What are you talking about? Maxwell's equations apply to EM radiation unequivocally. Especially in these low power regimes there is no chance of observing any perturbations due to higher order effects from field theory.

Look, I want to believe in a "reactionless" drive as much as the next SF junkie, but this does not pass the smell test. Consider:
e
0. The proposed explanations violate: conservation of energy, conservation of momentum, and the Lorentz transformations. These are some of the best-tested physical arguments we have today, and yet this "drive" violates them by huge orders of magnitude. Is it really plausible that 100+ years of experiments have failed to notice a comparatively huge effect? RF cavities are not a poorly understood system. I used to work with superconducting RF cavities for particle accelerators with Q > 1 million supporting fields of > 10 MV/m. I can guarantee you we would have noticed if power was disappearing into "thrust", or if the damn things were starting to levitate.

1. Even if we are pushing against the "quantum vacuum" this does not make sense, as any such vacuumo  must be charge neutral and so we would be pushing in opposite directions on electrons and positrons. Not to mention the accelerated positrons would smash into the surrounding cavity, producing copious, easily-observable gamma rays.

1a. Even ignoring this objection, to promote particles from "virtual" to real (as in Hawking radiation...) you have to provide the particles with their mass-energy. 511 keV per electron/positron. Does this make sense?

Assume 100% of the energy delivered to the cavity goes into making virtual particles real: 100 W / (mass of electron * c^2) = 1e15 electrons / s. Assume the particles are instantaneously acclerated to the speed of light (a pretty generous assumption). Then F = (1e15 electron/s)*(mass of electron)*(speed of light) = 2e-7 newtons. Much smaller than what we observe. The explanation does not hold up to scrutiny.

2. The "quantum vacuum"/Casimir effect should not be given more emphasis than is appropriate. It is a calculational tool. For example, one can explain the casimir effect solely through the van der Waals forces between two neighboring conductors, without handwaving explanations about virtual particles: http://physics.stackexchange.com/questions/11544/vander-waals-and-casimir-forces

3. The quantum vacuum publication referenced earlier is really, really bad. It starts with the Bohr formula for hydrogen (thus neglecting any fine structure, etc... effects), and takes a "radius" (which as we know from QM should not be interpreted literally...) to get a volume and from that some kind of density. This has no physical meaning. Then a function 1/r^4 is fitted to the values -- with no justification! This is then compared to the casimir force for cavities separated by this radius... and the values are  pretty far off. But it looks like a factor of 1/3! So some further handwaving about general relativity which also has a factor of 1/3 in one equation!
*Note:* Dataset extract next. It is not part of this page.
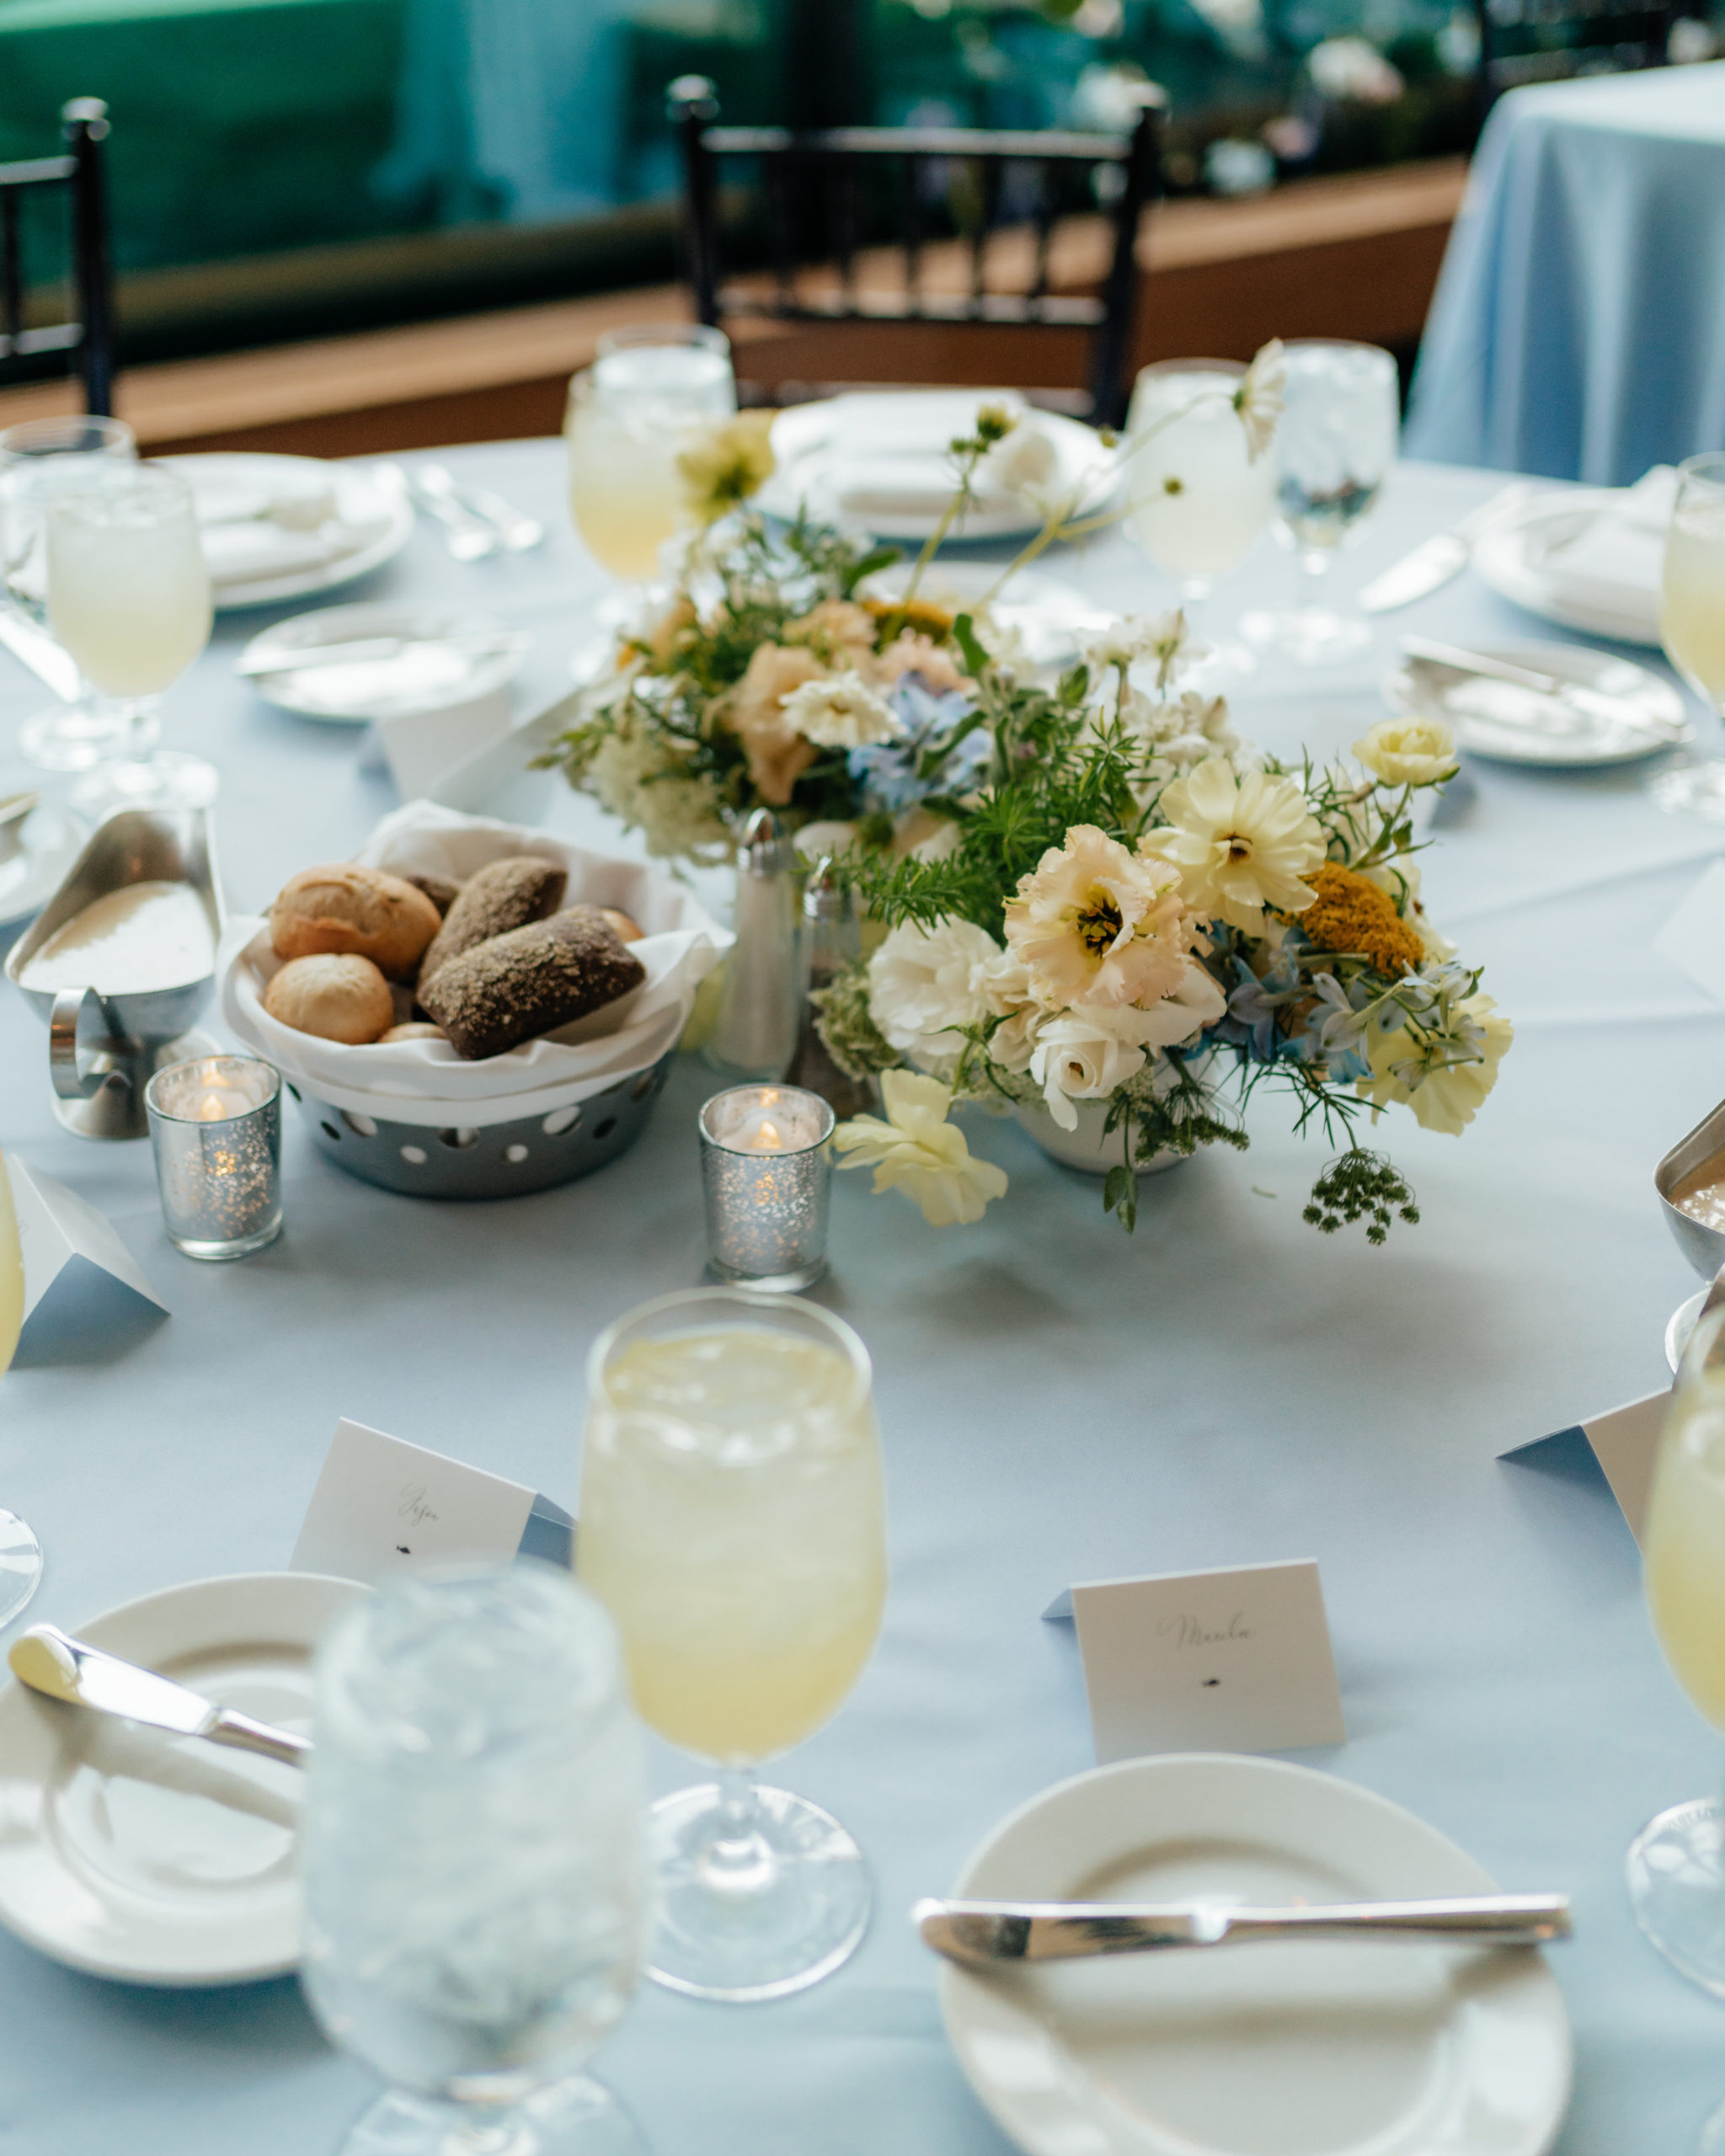 A pretty wedding centerpiece sits on a white table linen. The centerpiece has pops of soft pastel colors like light blue and yellow, giving off a wildflower vibe. Next to the flowers is a basket of rolls and light yellow lemonade in a glass.

Then there's a whole word salad about solving hydrogen atom wavefunctions with COMSOL [???], which is ridiculous since any undergraduate physics students can solve them with pen and paper...

This papers seems explicitly designed to use lots of fancy terminology and equations to look impressive to anyone with no background in physics, while saying nothing at all of substance. It does not even rise to the level of coherence.

In conclusion, this whole affair appears to be the work of someone who has convinced himself his theory is right and is on a fishing expedition for evidence that supports it. The experimental design is poor (camera pictures of LabView windows? unable to find an RF amplifier to deliver more than 100W of power? inability to measure forces that would be measurable in the 1800's?), the past 100+ years of physical experiments contradict the experiments, and there is no coherent underlying theory.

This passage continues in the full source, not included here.